◆ RECORDED DATA
- Opening Delimiter -
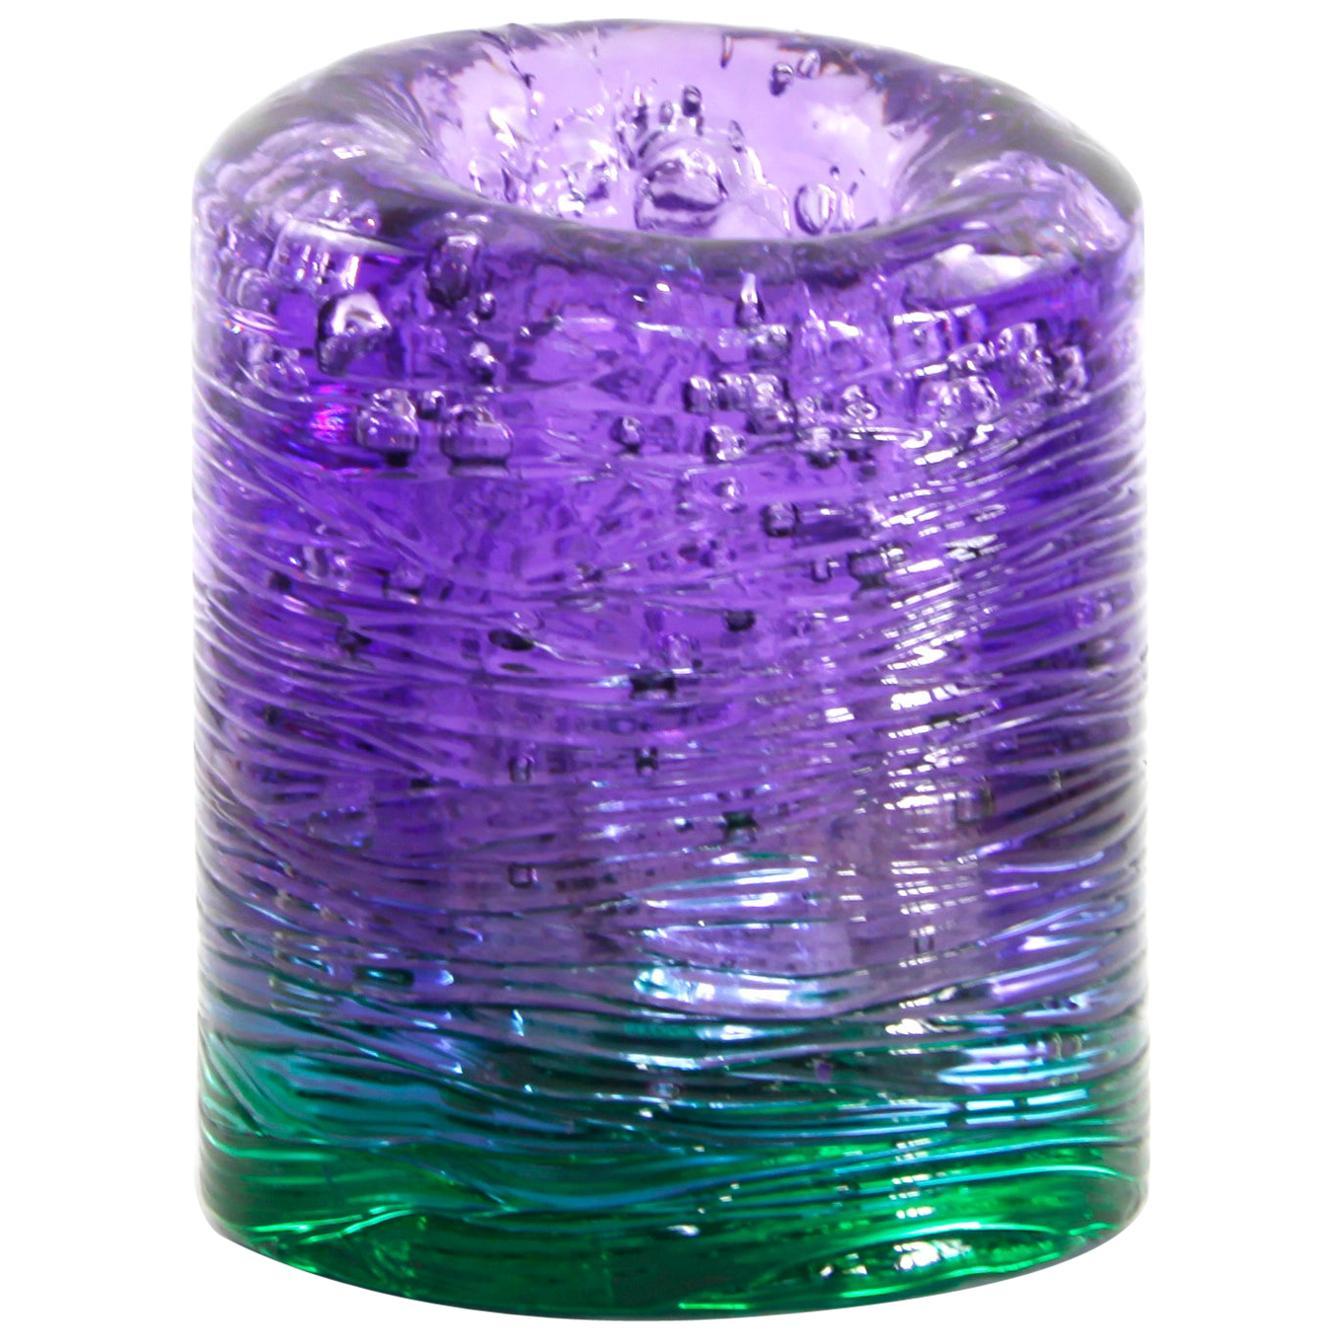 Jungle Contemporary Vase, Small Bicolor Violet and Green by Jacopo Foggini
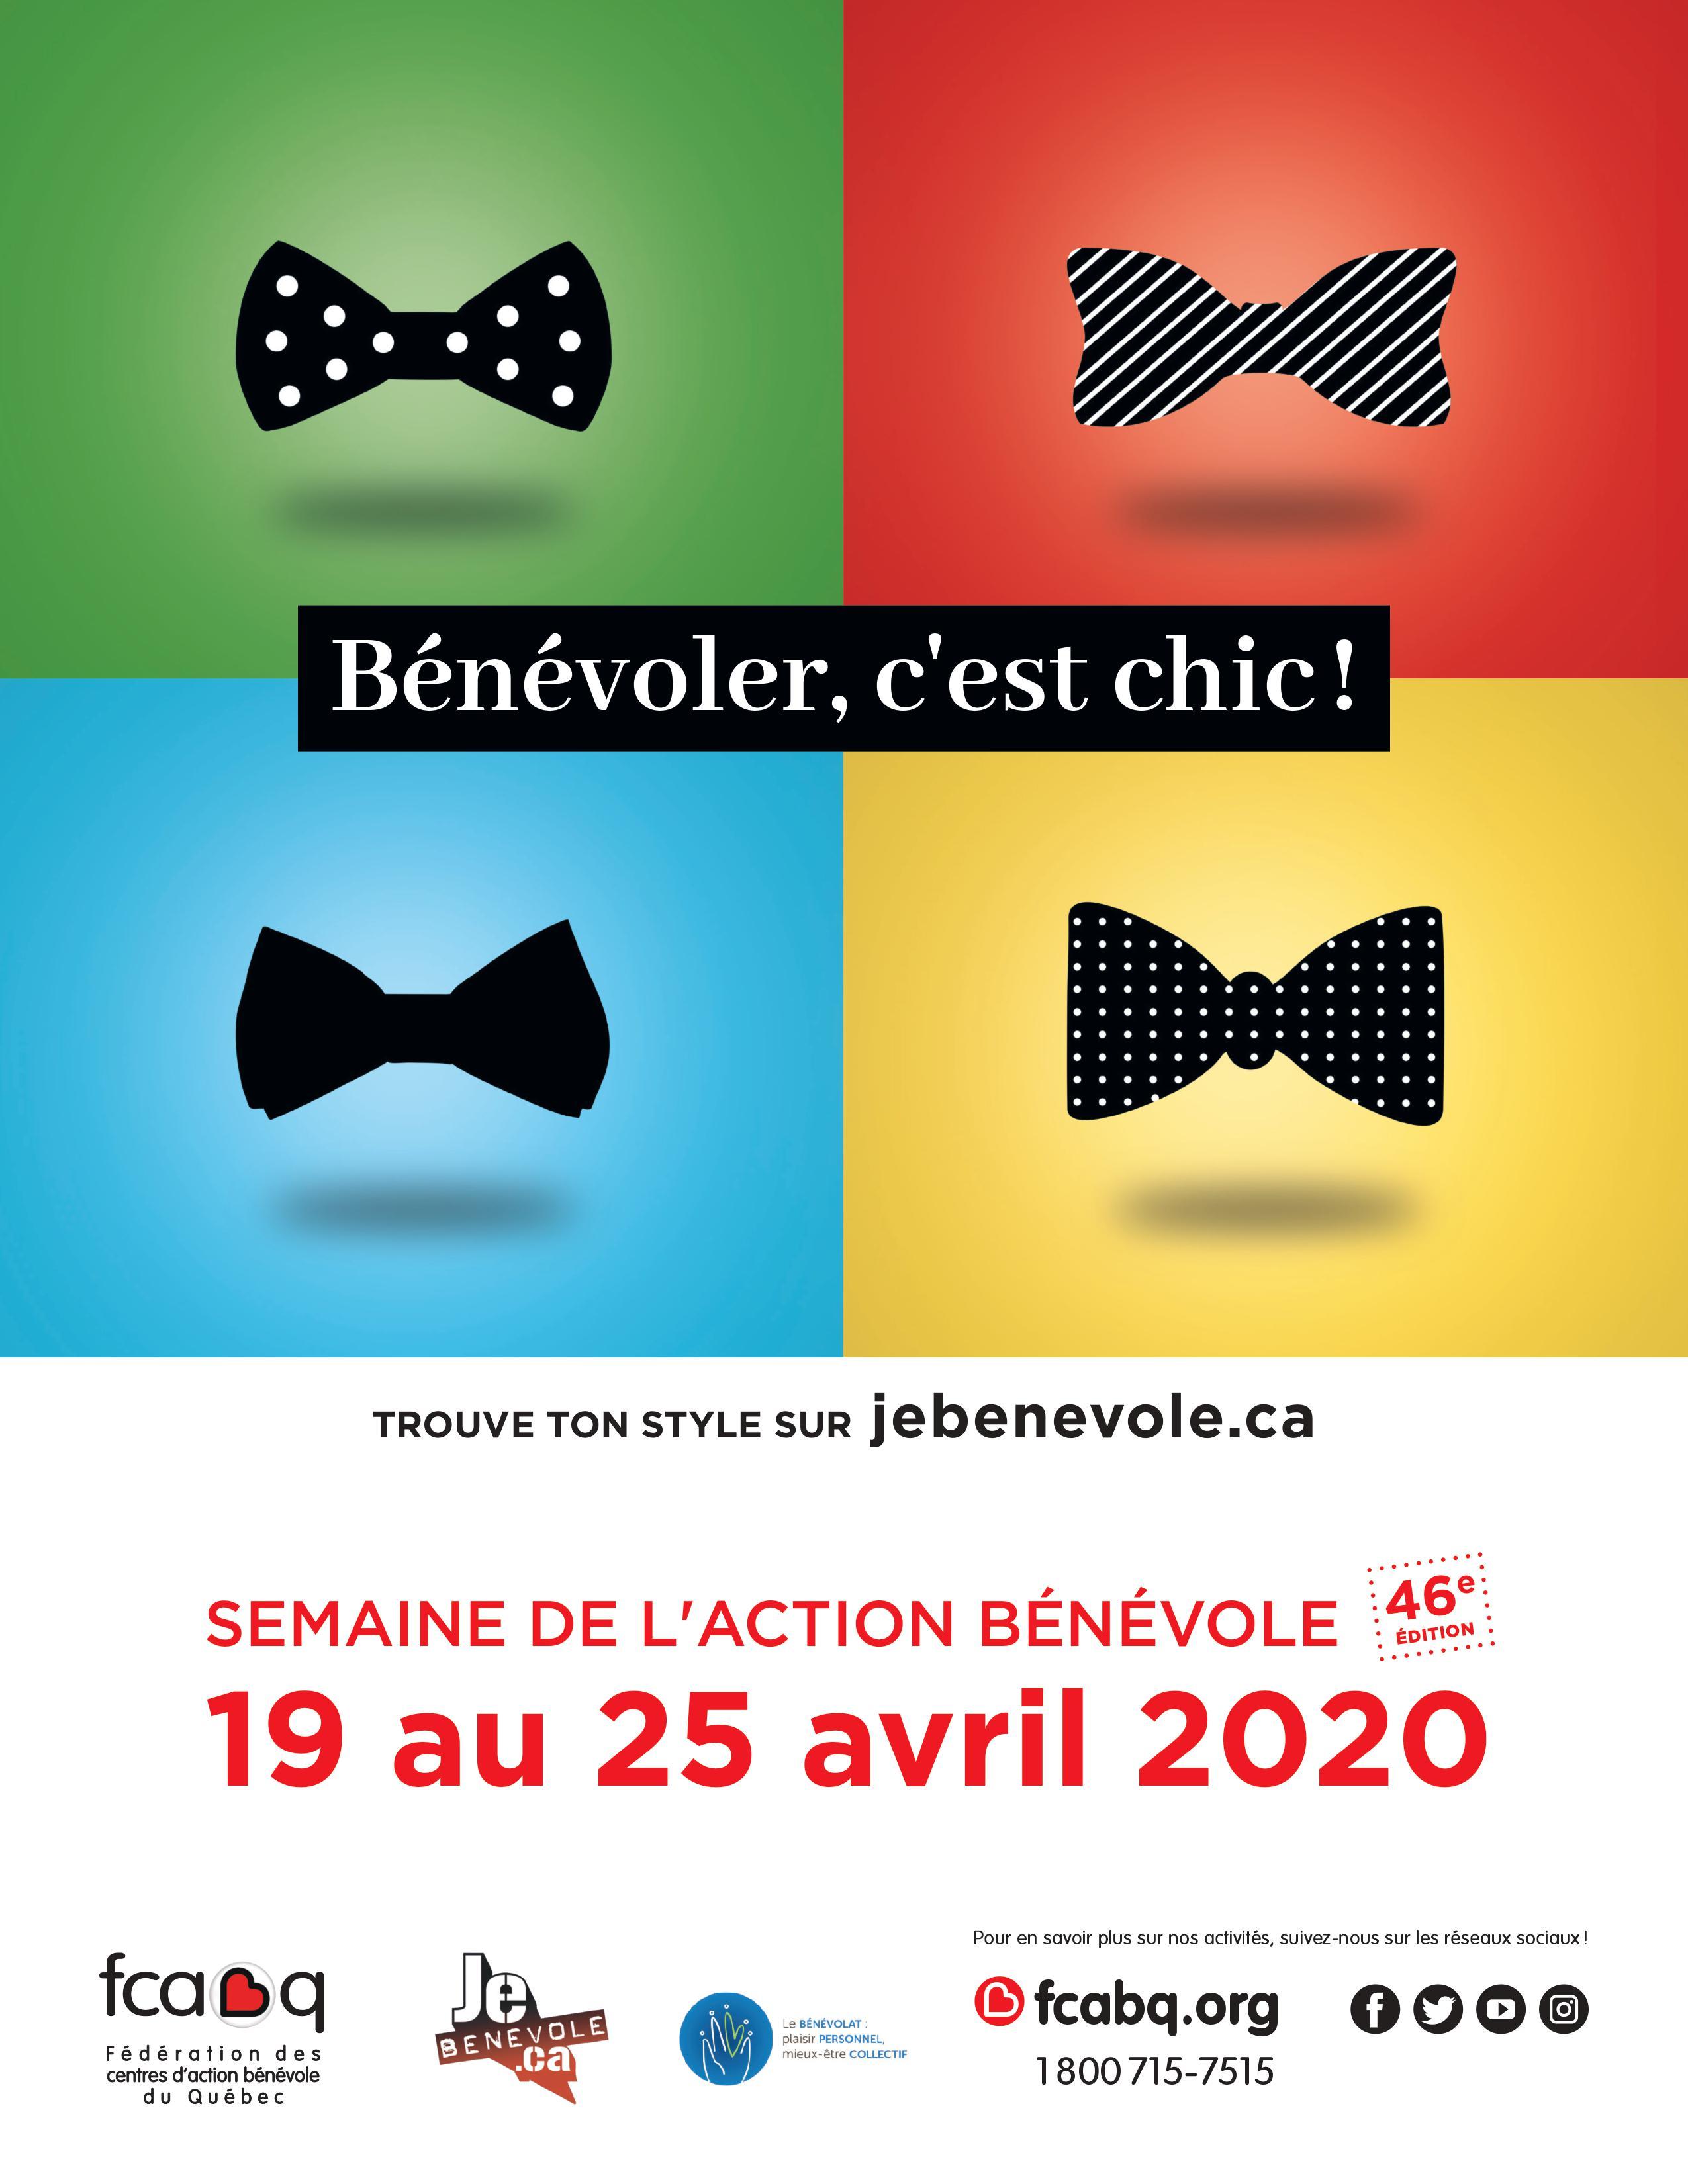 Semaine de l'action bénévole 2020
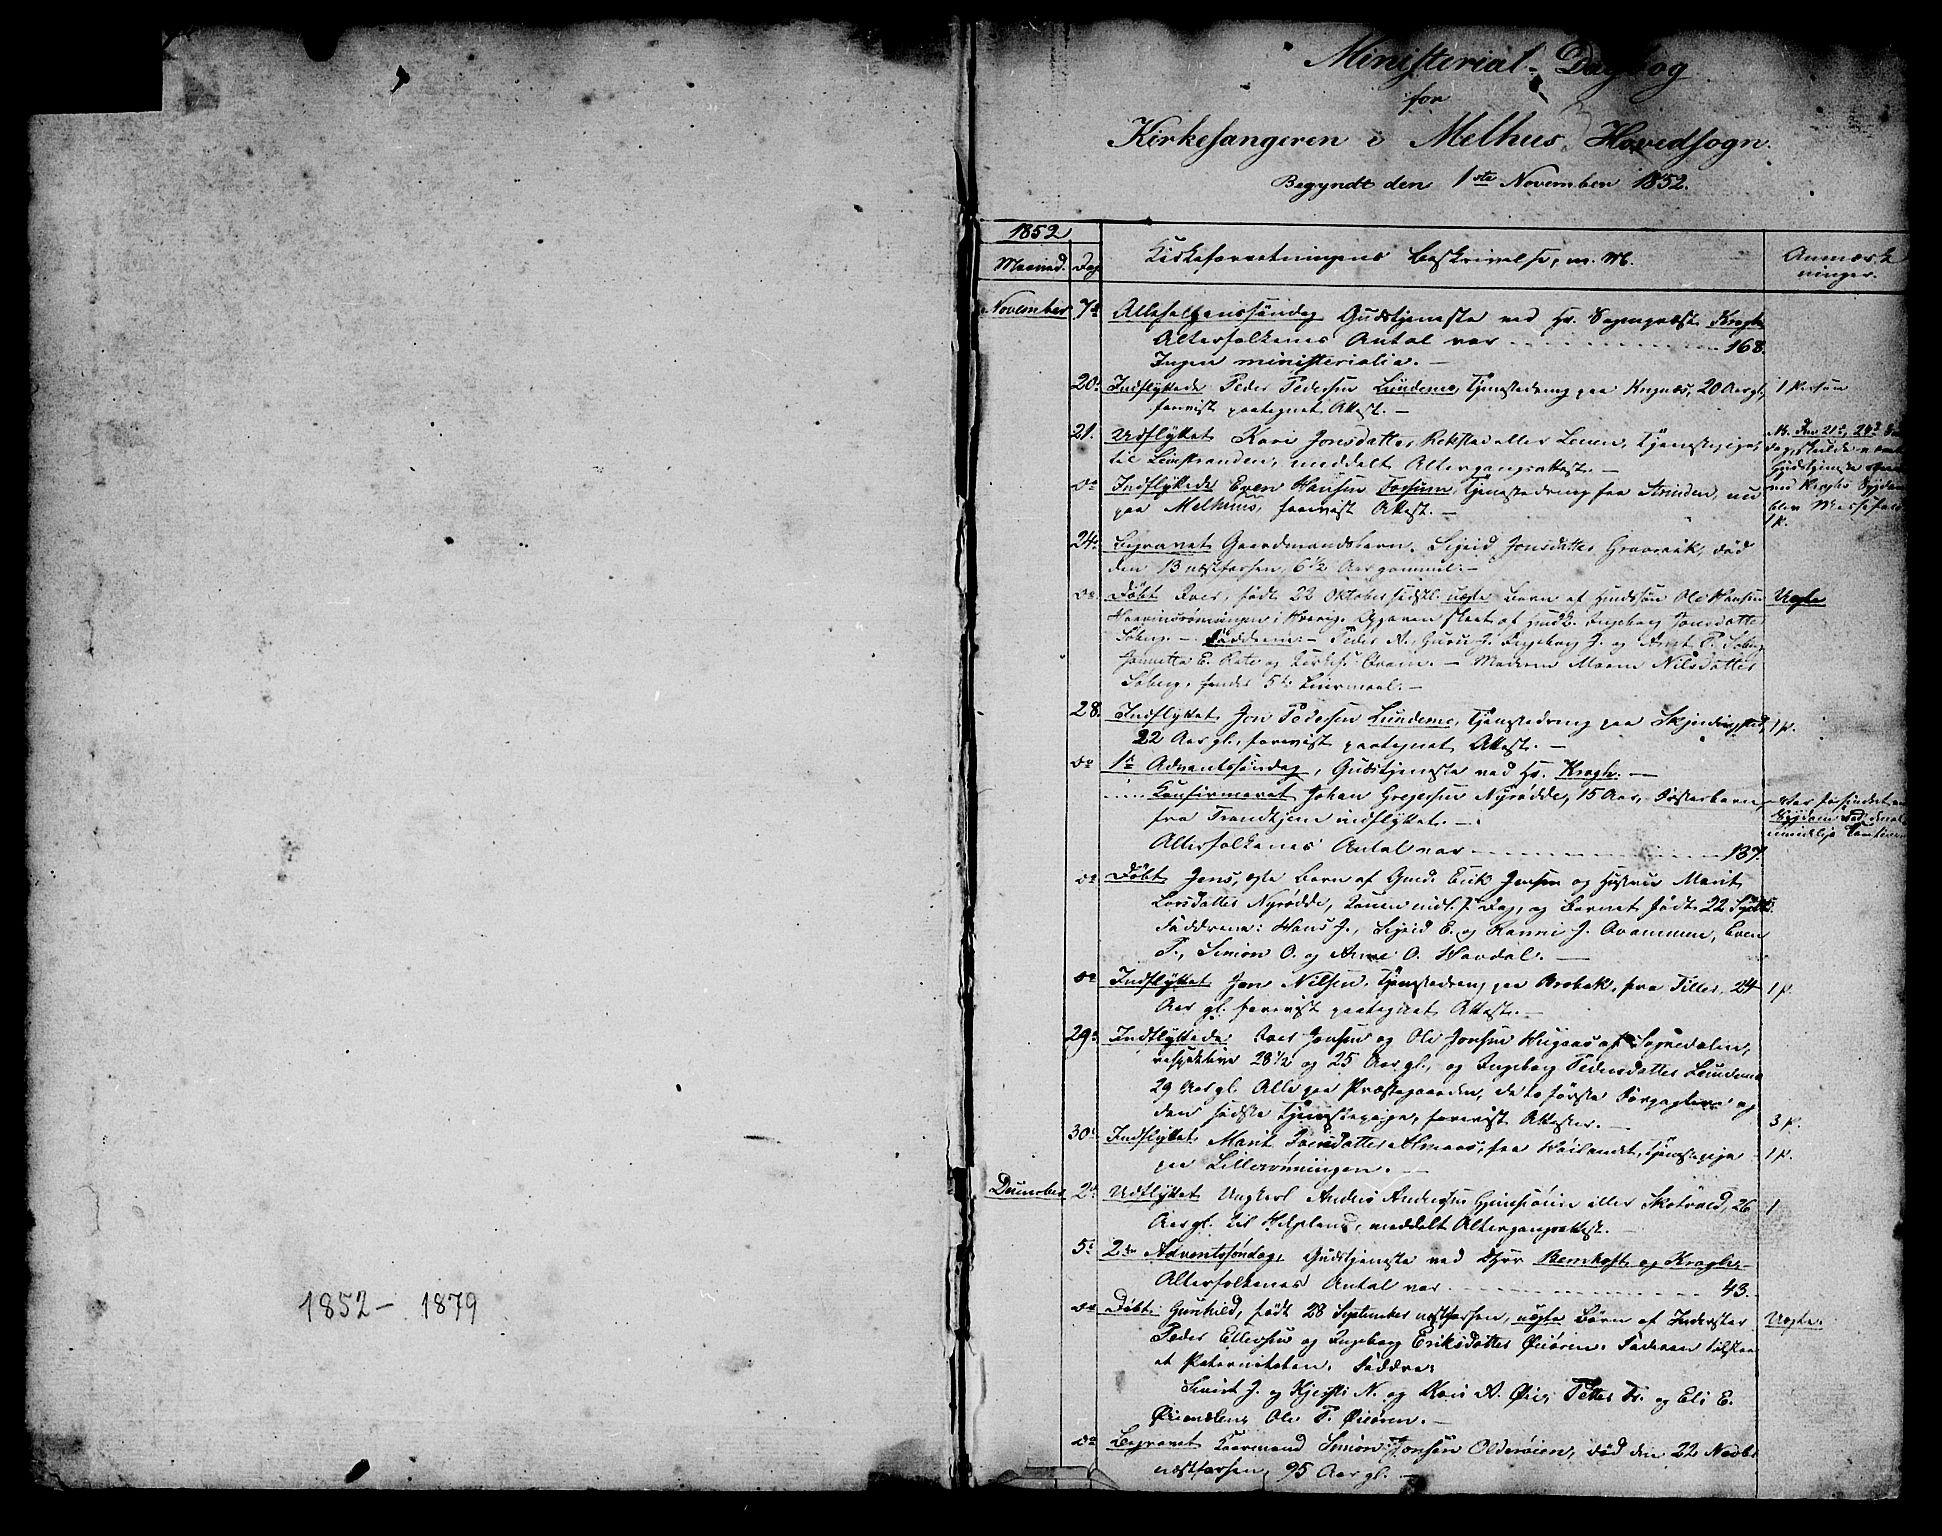 SAT, Ministerialprotokoller, klokkerbøker og fødselsregistre - Sør-Trøndelag, 691/L1093: Klokkerbok nr. 691C04, 1852-1879, s. 1
- Closing Delimiter -
◆ WHAT TO WORK ON
Without copying any picture, write out all of the material exactly as it reads.

◆ TASK SOLUTION
 Jungle Contemporary Vase, Small Bicolor Violet and Green by Jacopo Foggini
 Semaine de l'action bénévole 2020
 SAT, Ministerialprotokoller, klokkerbøker og fødselsregistre - Sør-Trøndelag, 691/L1093: Klokkerbok nr. 691C04, 1852-1879, s. 1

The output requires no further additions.